The DMV study particularly found that the higher risks associated with unlicensed drivers had not been affected by a 1994 law prohibiting issuance of licenses to illegal immigrants — suggesting the risks are behavioral and would not be solved merely by licensing the unlicensed.

The DMV study noted that “unlicensed drivers who are ineligible to become licensed under this law are just as hazardous as drivers who are unlicensed for other reasons. If they were truly safer drivers, it would be expected that their increasing representation among unlicensed drivers after the law took effect would be associated with a concurrent reduction in the fatal crash overinvolvement rate for unlicensed drivers as an overall group, which isn’t supported by the study findings.”

California law does, in fact, stipulate that police impound cars of unlicensed drivers for 30 days if drivers could not produce a form of I.D., proof of insurance and vehicle registration. But because illegal immigrants were more likely to drive while unlicensed than U.S. citizens were, the Los Angeles Police Department decided to ignore the law in the spirit of fairness.

“It’s about fairness. It’s about equal application of the law,” LAPD police chief Charlie Beck told a Los Angeles TV station in May.

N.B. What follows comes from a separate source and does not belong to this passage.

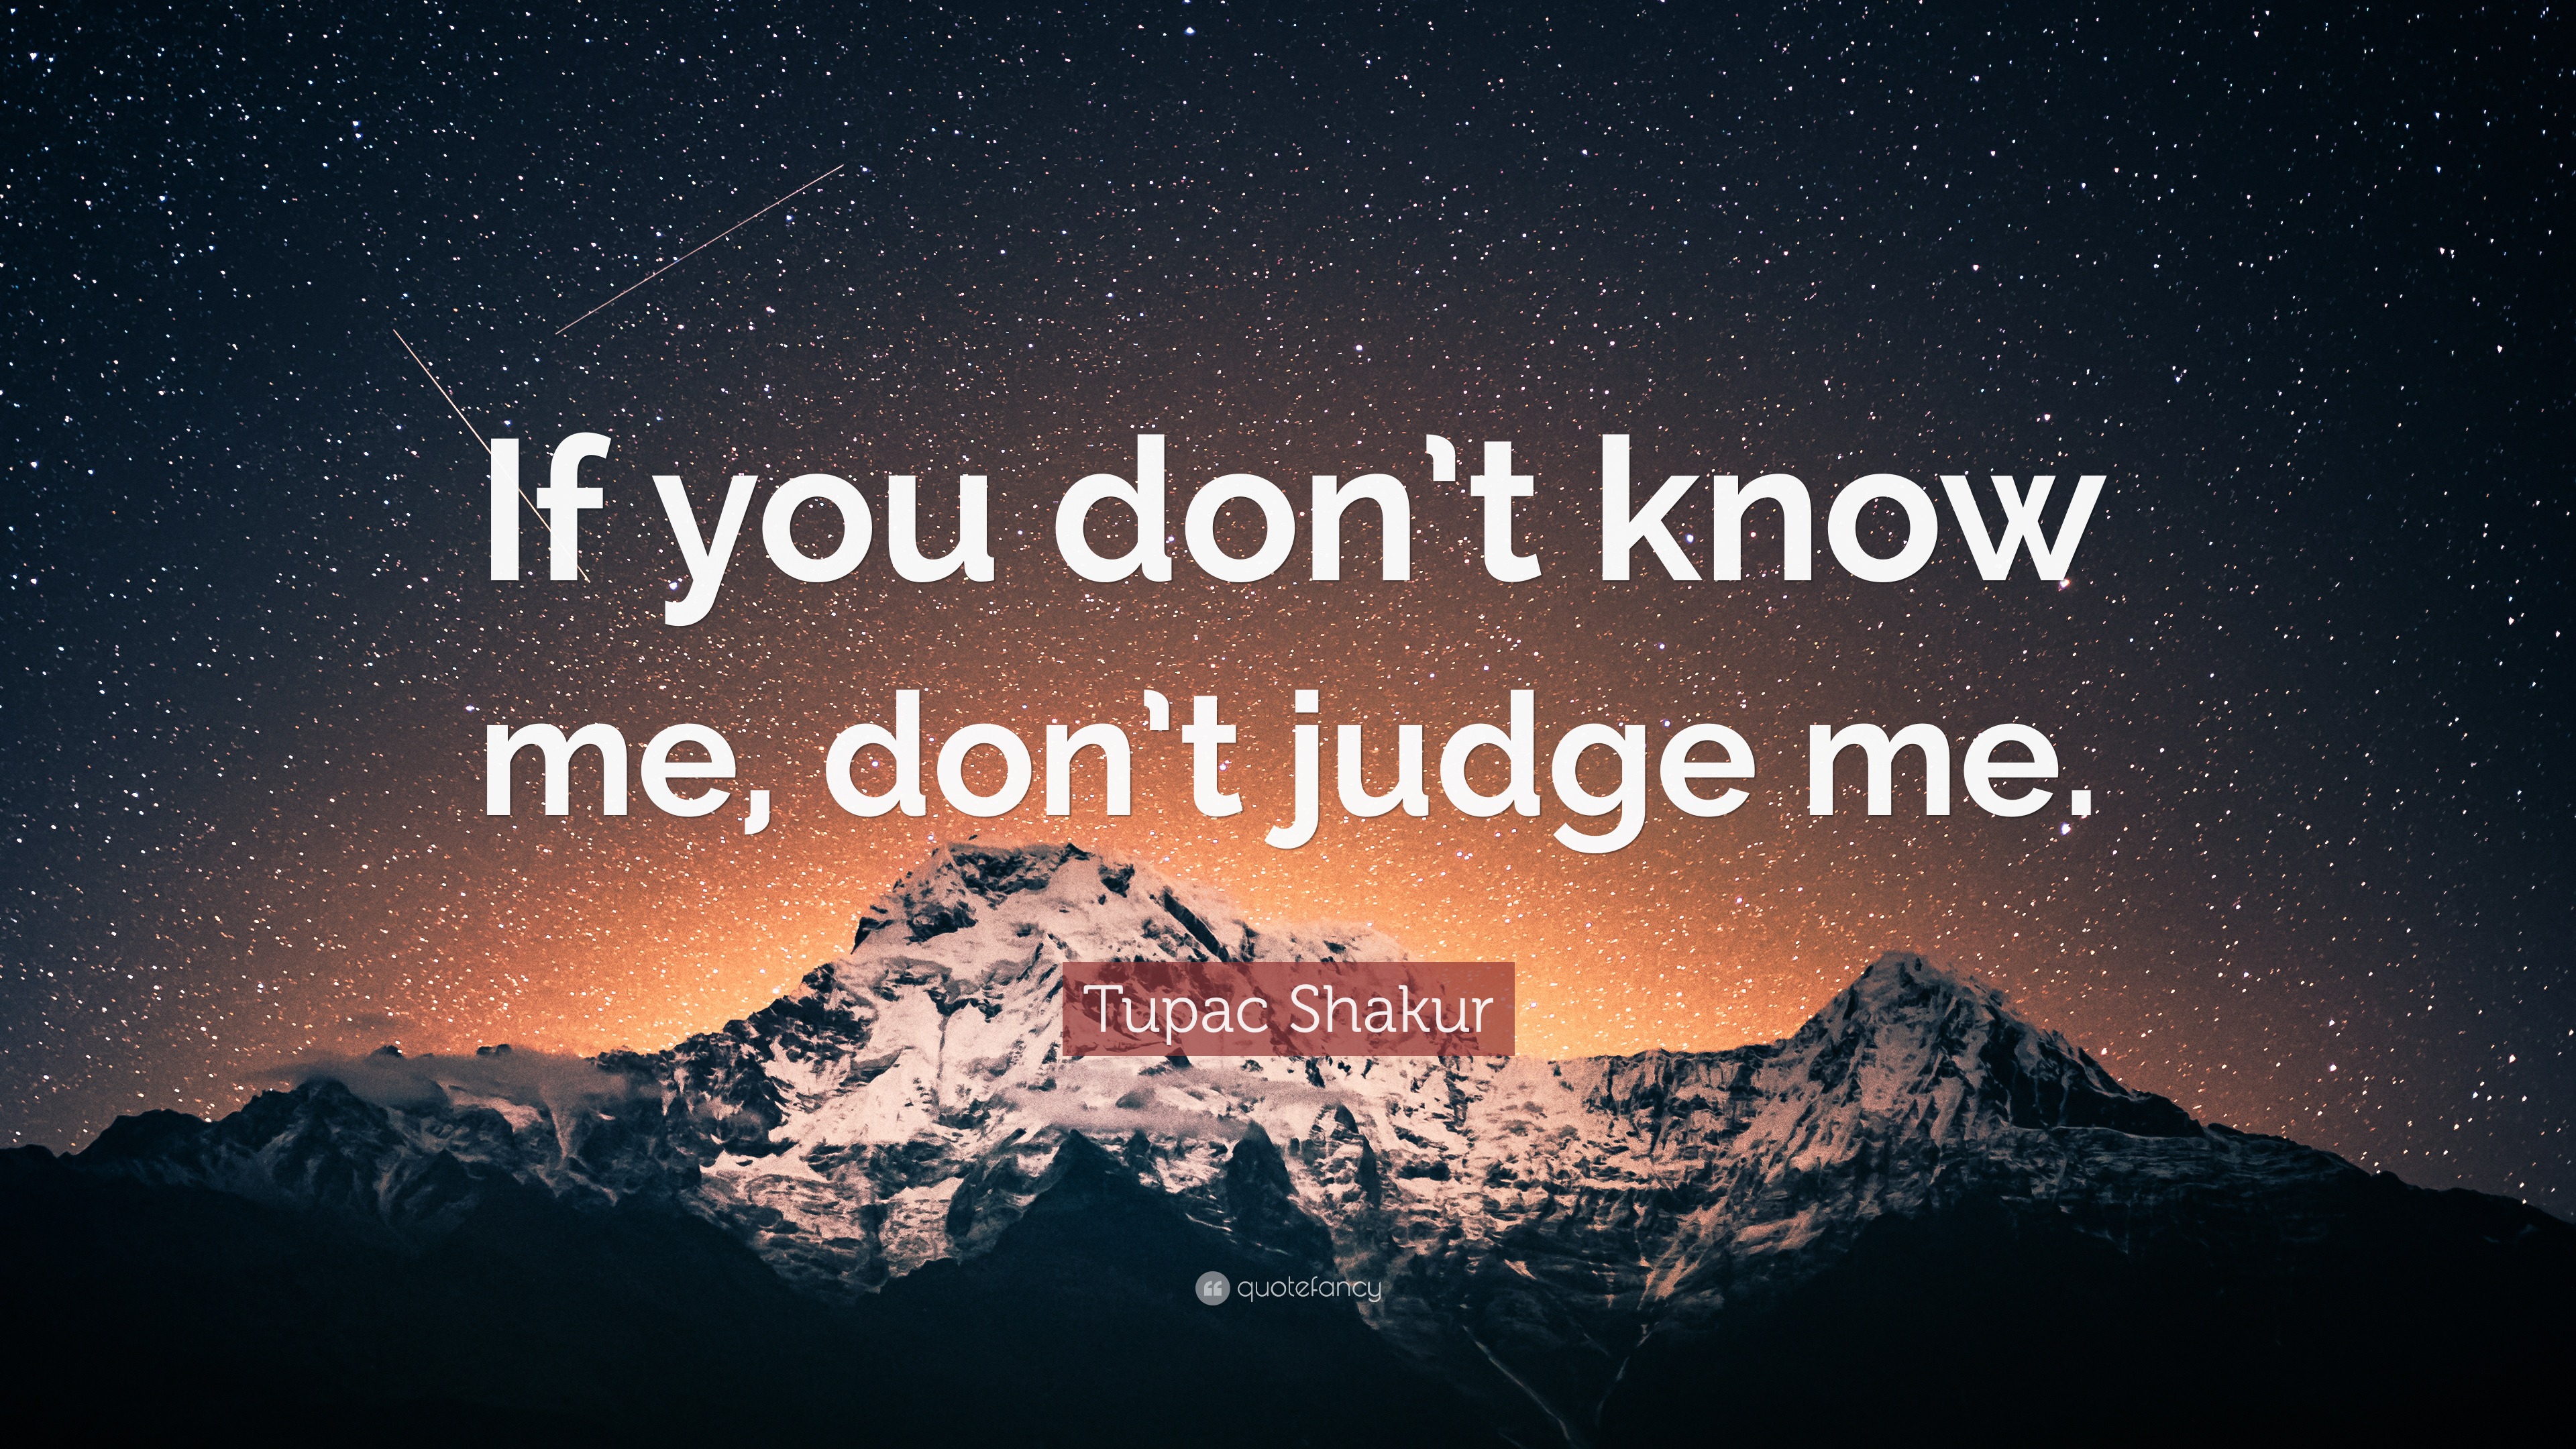 Tupac Shakur Quote: "If you don't know me, don't judge me." (12 wallpapers) - Quotefancy

One resident of Los Angeles County, Don Rosenberg, balked at the LAPD’s decision. An unlicensed driver, who had been allowed to retrieve his car after being pulled over, killed Rosenberg’s son in a 2010 car wreck and tried to evade arrest.

“It’s more important that people who are in the country illegally get to drive than it is that people who are here get to live,” he told Fox News.

The licenses provided to illegal immigrants will feature distinguishing markings, which lawmakers say will at once prevent discrimination and satisfy unnamed federal requirements. California holds the largest population of illegal immigrants in the country and its budget deficit is a projected $16 billion.